À partir du 1er mars, toutes les applications distribuées dans le Mac App Store devront utiliser le système de sandboxing d'OS X. La transition n'est pas simple : ce système permet certes d'augmenter la sécurité de l'utilisateur, mais n'est d'une part pas infaillible et d'autre part pas toujours aussi complet que les développeurs le voudraient. Pire : à deux semaines de l'échéance, Apple a présenté dans OS X Mountain Lion une alternative potentielle au sandboxing. Qu'en est-il vraiment ?
Sandboxing : jouer dans un bac à sable
Le sandboxing est une pratique héritée d'iOS : une application placée dans le "bac à sable" doit demander la permission au système d'utiliser un jeu réduit de fonctions et d'accéder à un ensemble réduit de fichiers. Apple détermine l'étendue du bac à sable en restreignant le nombre de permissions et en contrôlant le fonctionnement du système par un jeu de signatures.

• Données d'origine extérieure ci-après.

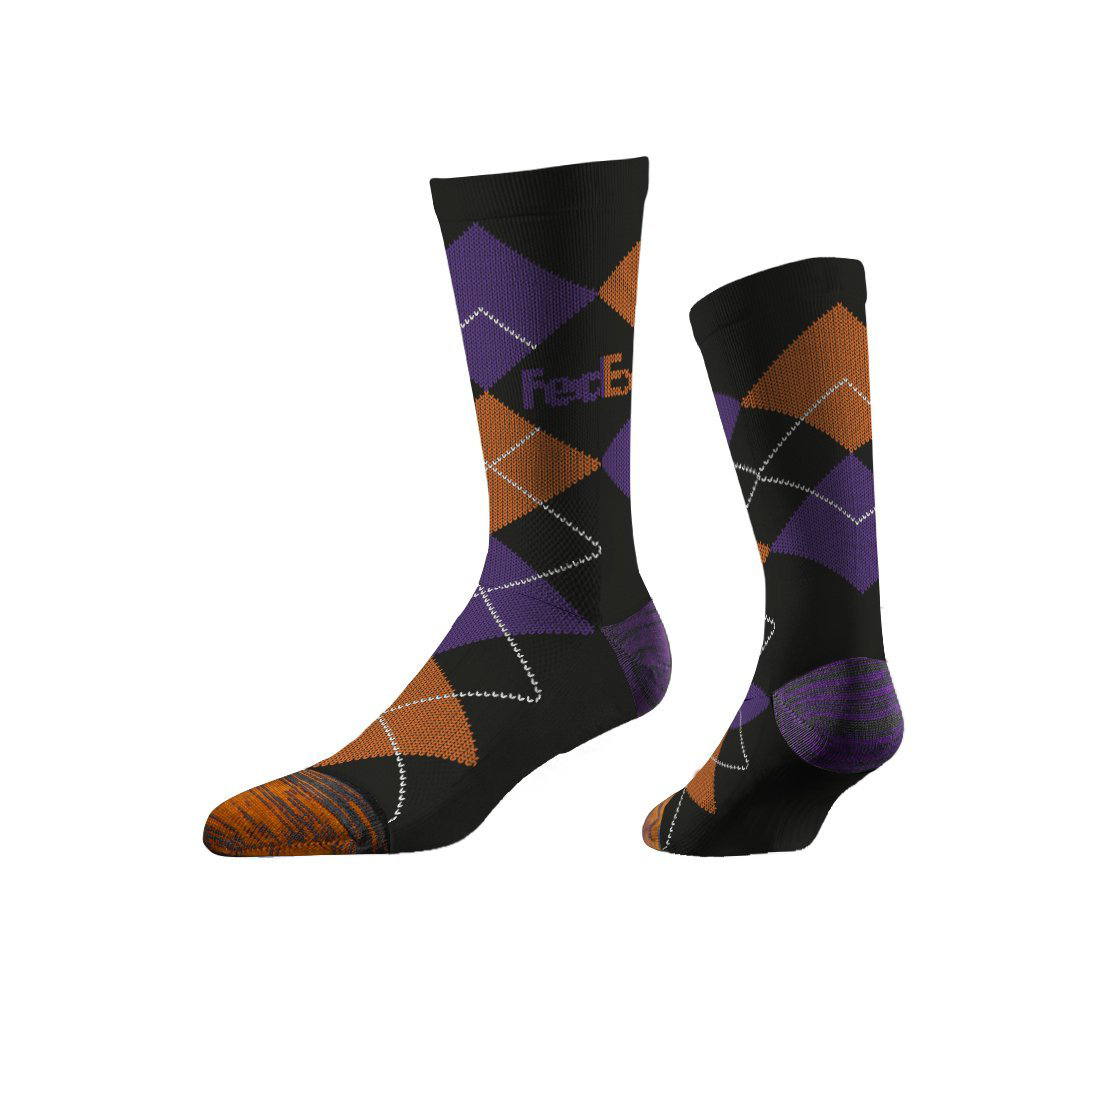 Business Knit Crew Socks in black with 3 colour logo and colour match stripes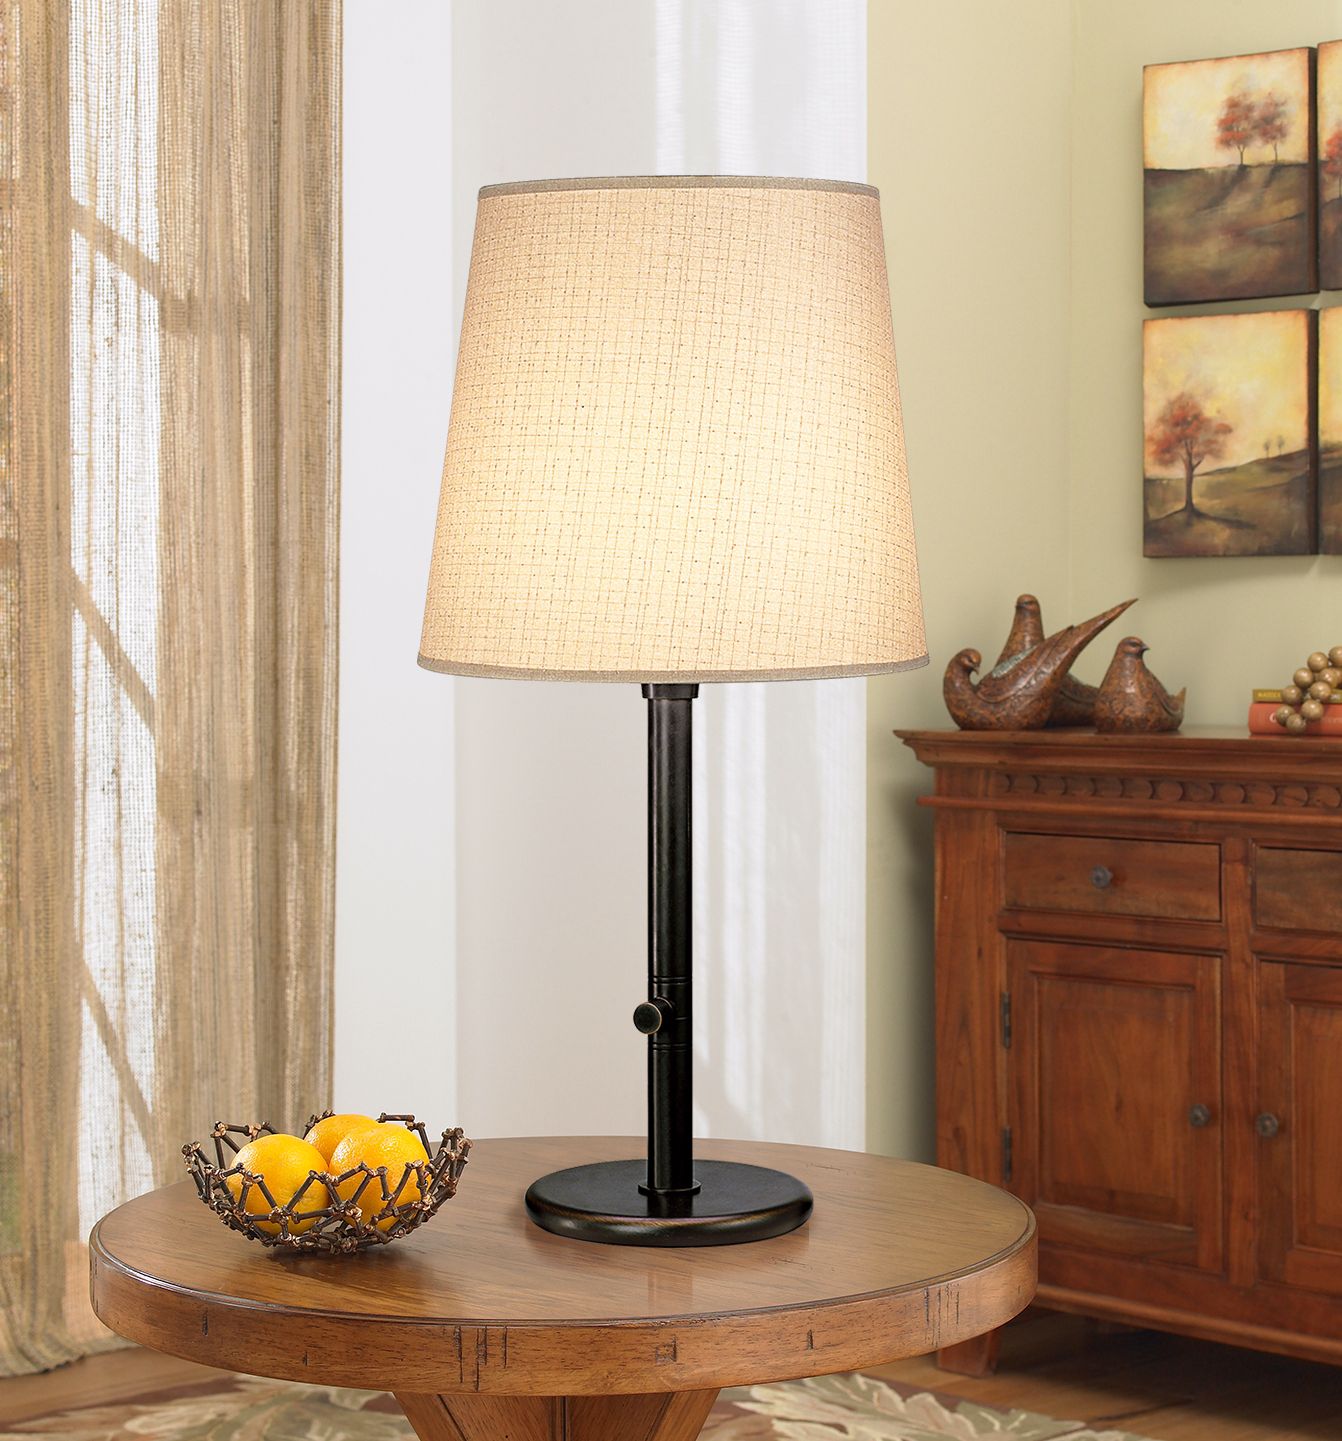 Robert Abbey Bronze Finish with Muslin Shade Table Lamp

Le tout est censé répondre à un double argument, sécuritaire et pratique (pour aborder plus en détail le sandboxing : lire : OS X Lion : comprendre le casse-tête du sandboxing).
Ce système restrictif pose néanmoins de nombreux problèmes aux développeurs, notamment à ceux d'utilitaires ou d'applications complexes, exclus de facto du Mac App Store. Beaucoup s'en sont émus, et certains ont rempli des rapports de bogues pour obtenir l'attention d'Apple — à l'écoute, la firme de Cupertino leur a répondu. OS X 10.7.3 contient ainsi de nouvelles permissions et des permissions mises à jour :
Certaines de ces nouvelles règles lèvent les doutes sur des applications : la gestion du FireWire et du Bluetooth, par exemple, ne limite plus certains utilitaires. Reste que la liste est encore et toujours trop limitée, et certains développeurs n'ont d'autre choix que de quitter le Mac App Store. Atlassian a ainsi annoncé que SourceTree, son client Git, Mercurial et Subversion, ne serait désormais plus disponible que sur son site web. Manton Reece a aussi des doutes concernant le maintien de son application Clipstart dans le Mac App Store, comme Pieter Omvlee, le développeur de Fontcase.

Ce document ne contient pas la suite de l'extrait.